To demonstrate the readiness of the technology, on 9 December 2011, Google announced the availability of several new Chrome-only versions of games known for their rich and processor-intensive graphics, including Bastion (no longer supported on the Chrome Web Store). NaCl runs hardware-accelerated 3D graphics (via OpenGL ES 2.0), sandboxed local file storage, dynamic loading, full screen mode, and mouse capture. There are also plans to make NaCl available on handheld devices.[5][6]

Portable Native Client (PNaCl) is an architecture-independent version. PNaCl apps are compiled ahead-of-time. PNaCl is recommended over NaCl for most use cases.[7] The general concept of NaCl (running native code in web browser) has been implemented before in ActiveX, which, while still in use, has full access to the system (disk, memory, user-interface, registry, etc.). Native Client avoids this issue by using sandboxing.

An alternative of sorts to NaCl is asm.js, which also allows applications written in C or C++ to be compiled to run in the browser (at more than half the native speed), and also supports ahead-of-time compilation, but is a subset of JavaScript and hence backwards-compatible with browsers that do not support it directly. Another alternative (while it may initially be powered by PNaCl) is WebAssembly.

On October 12, 2016, a comment on the Chromium issue tracker indicated that Google's Pepper and Native Client teams had been destaffed.[8] On May 30, 2017, Google announced deprecation of PNaCl in favor of WebAssembly.[9] Although initially Google planned to remove PNaCl in first quarter of 2018,[9] the removal is currently planned in the second quarter of 2019 (except for Chrome Apps).[10]

Overview

Native Client is an open-source project being developed by Google.[11] To date, Quake,[12] XaoS, Battle for Wesnoth,[13] Doom,[14] Lara Croft and the Guardian of Light,[15] From Dust,[16] and MAME, as well as the sound processing system Csound, have been ported to Native Client. Native Client has been available in the Google Chrome web browser since version 14, and has been enabled by default since version 31, when the Portable Native Client (PNaCl, pronounced: pinnacle) was released.[17][18][19]

An ARM implementation was released in March 2010.[20] x86-64, IA-32, and MIPS are also supported.

To run an application portably under PNaCl, it must be compiled to an architecture-agnostic and stable subset of the LLVM intermediate representation bytecode.[21] The executables are called PNaCl executables (pexes). The PNaCl Toolchain makes .pexe files; NaCl Toolchain .nexe files. The magic number of .nexe files is 0x7F 'E' 'L' 'F', which is ELF. In Chrome, they are translated to architecture-specific executables so that they can be run.

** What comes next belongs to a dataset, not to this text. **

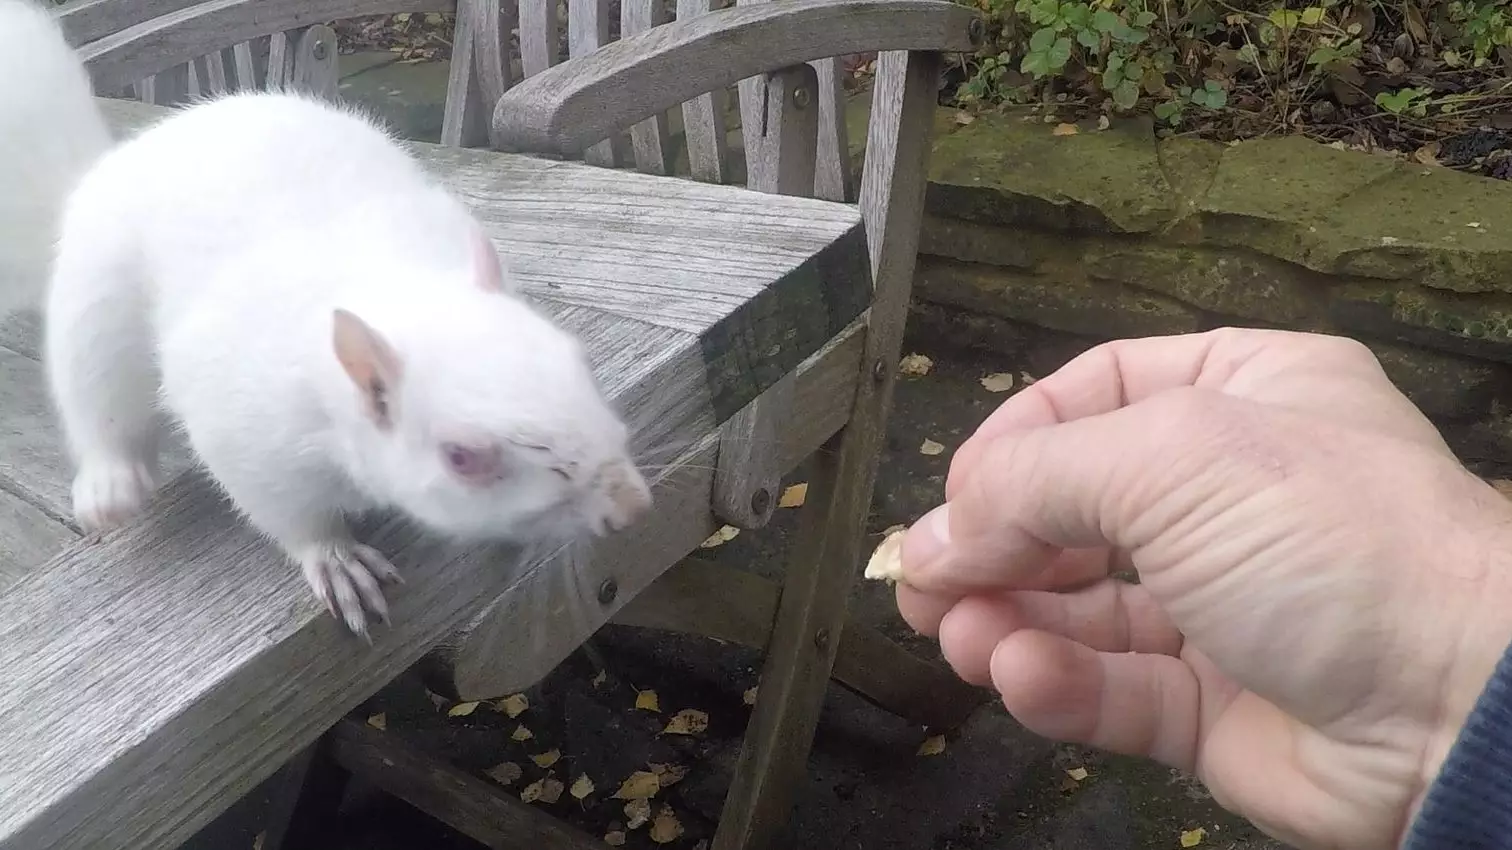 Man Feeds Incredibly Rare Albino Squirrel In His Garden 
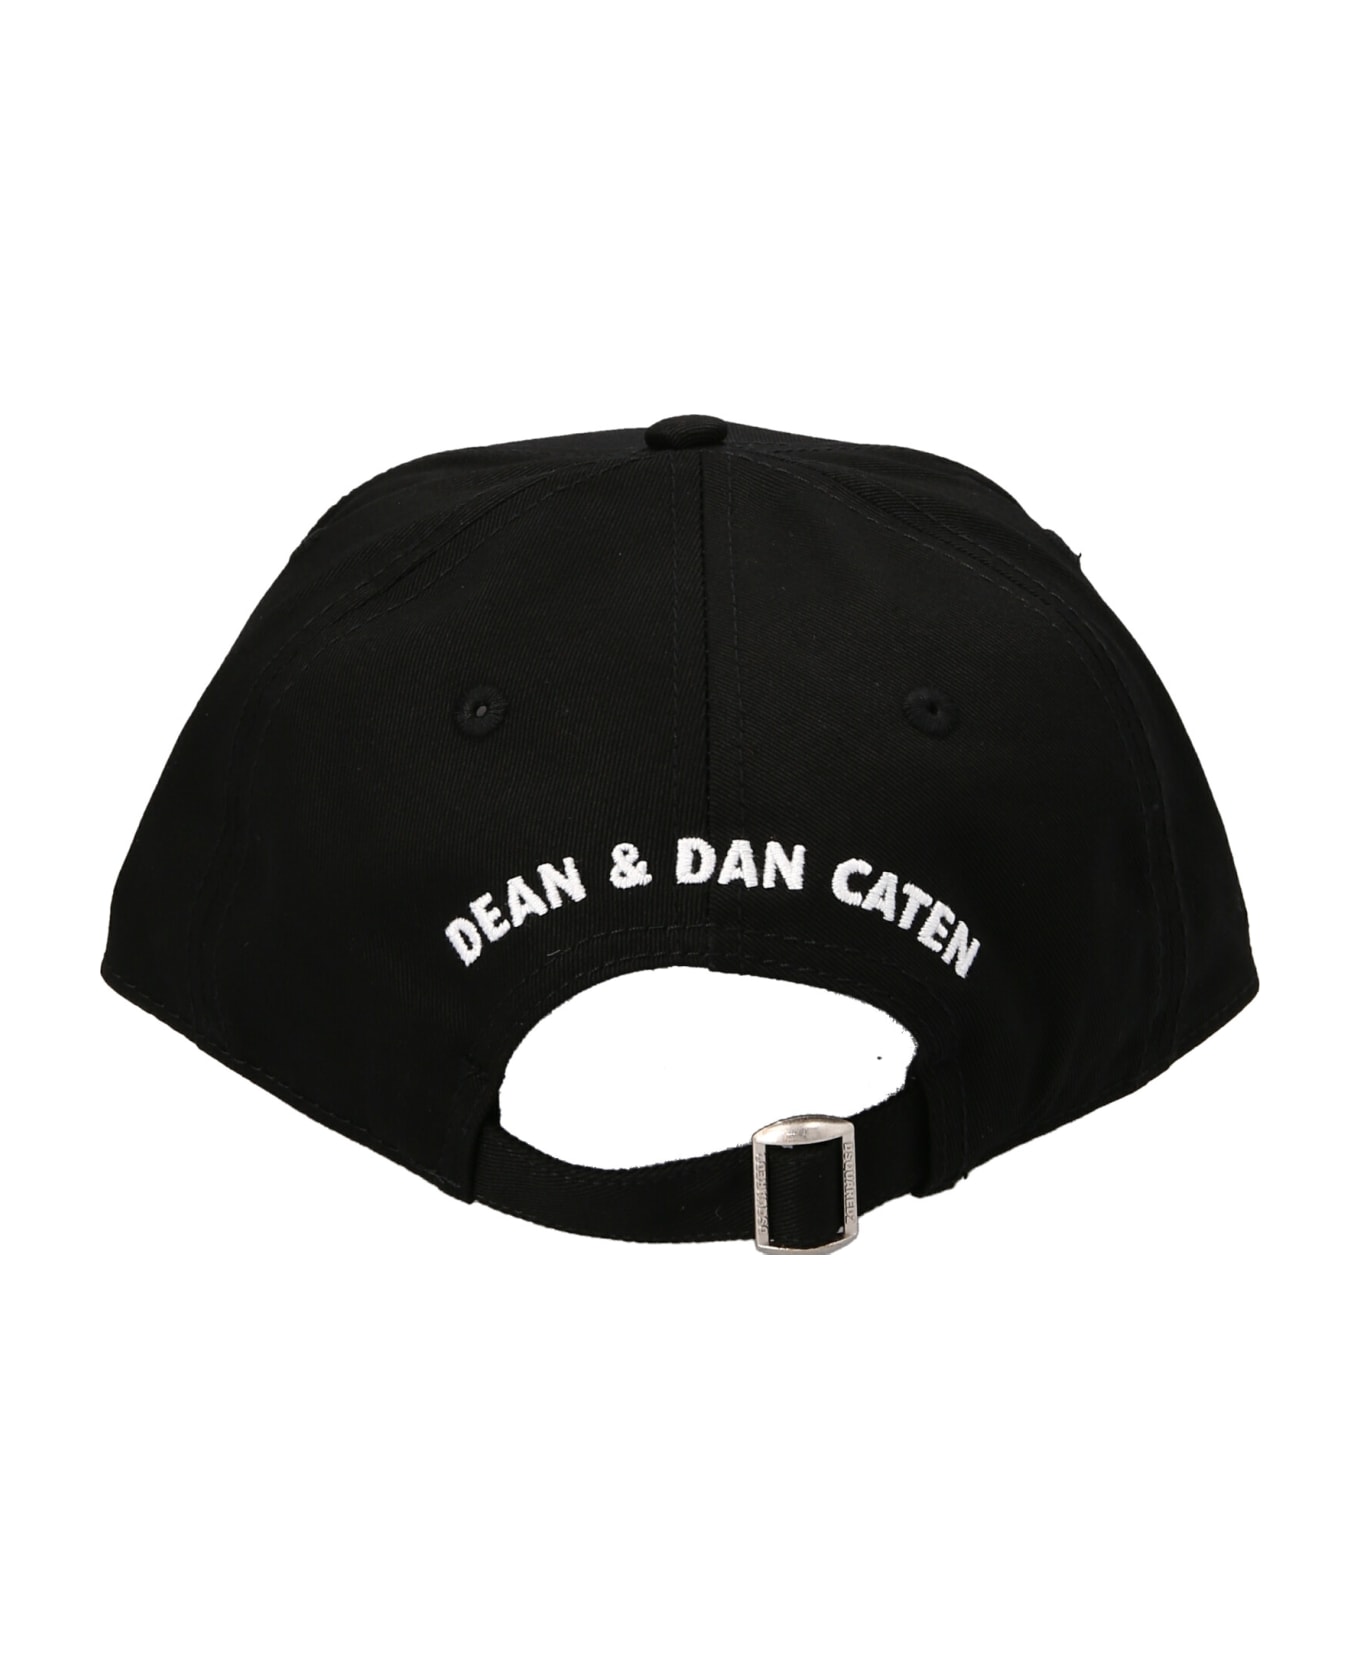 Dsquared2 24/7 Cap - Black 帽子

NaCl uses software fault detection and isolation for sandboxing on x86-64 and ARM.[22] The x86-32 implementation of Native Client is notable for its novel sandboxing method, which makes use of the x86 architecture's rarely used segmentation facility.[23] Native Client sets up x86 segments to restrict the memory range that the sandboxed code can access. It uses a code verifier to prevent use of unsafe instructions such as those that perform system calls. To prevent the code from jumping to an unsafe instruction hidden in the middle of a safe instruction, Native Client requires that all indirect jumps be jumps to the start of 32-byte-aligned blocks, and instructions are not allowed to straddle these blocks.[23] Because of these constraints, C and C++ code must be recompiled to run under Native Client, which provides customized versions of the GNU toolchain, specifically GNU Compiler Collection (GCC), GNU Binutils, and LLVM.

Native Client is licensed under a BSD-style license.

Native Client uses Newlib as its C library, but a port of GNU C Library (GNU libc) is also available.[24]

Pepper

{{See also|NPAPI#PPAPI}}

NaCl denotes sodium chloride, common table salt; as a pun, the name of pepper was also used. Pepper API is a cross-platform, open-source API for creating Native Client modules.[25] Pepper Plugin API, or PPAPI[26][27] is a cross-platform API for Native Client-secured web browser plugins, first based on Netscape's NPAPI, then rewritten from scratch. It is currently used in Chromium and Google Chrome to enable the PPAPI version of Adobe Flash[28] and the built-in PDF viewer.[29]

PPAPI

On 12 August 2009, a page on Google Code introduced a new project, Pepper, and the associated Pepper Plugin API (PPAPI),[30] "a set of modifications to NPAPI to make plugins more portable and more secure".[31] This extension is designed specifically to ease implementing out-of-process plugin execution. Further, the goals of the project are to provide a framework for making plugins fully cross-platform. Topics considered include:

  • Uniform semantics for NPAPI across browsers.
  • Execution in a separate process from the renderer-browser.
  • Standardize rendering using the browser's compositing process.
  • Defining standardized events, and 2D rasterizing functions.
  • Initial attempt to provide 3D graphics access.
  • Plugin registry.

The continuously evolving Pepper API also supports Gamepads (version 19) and WebSockets (version 18).[32]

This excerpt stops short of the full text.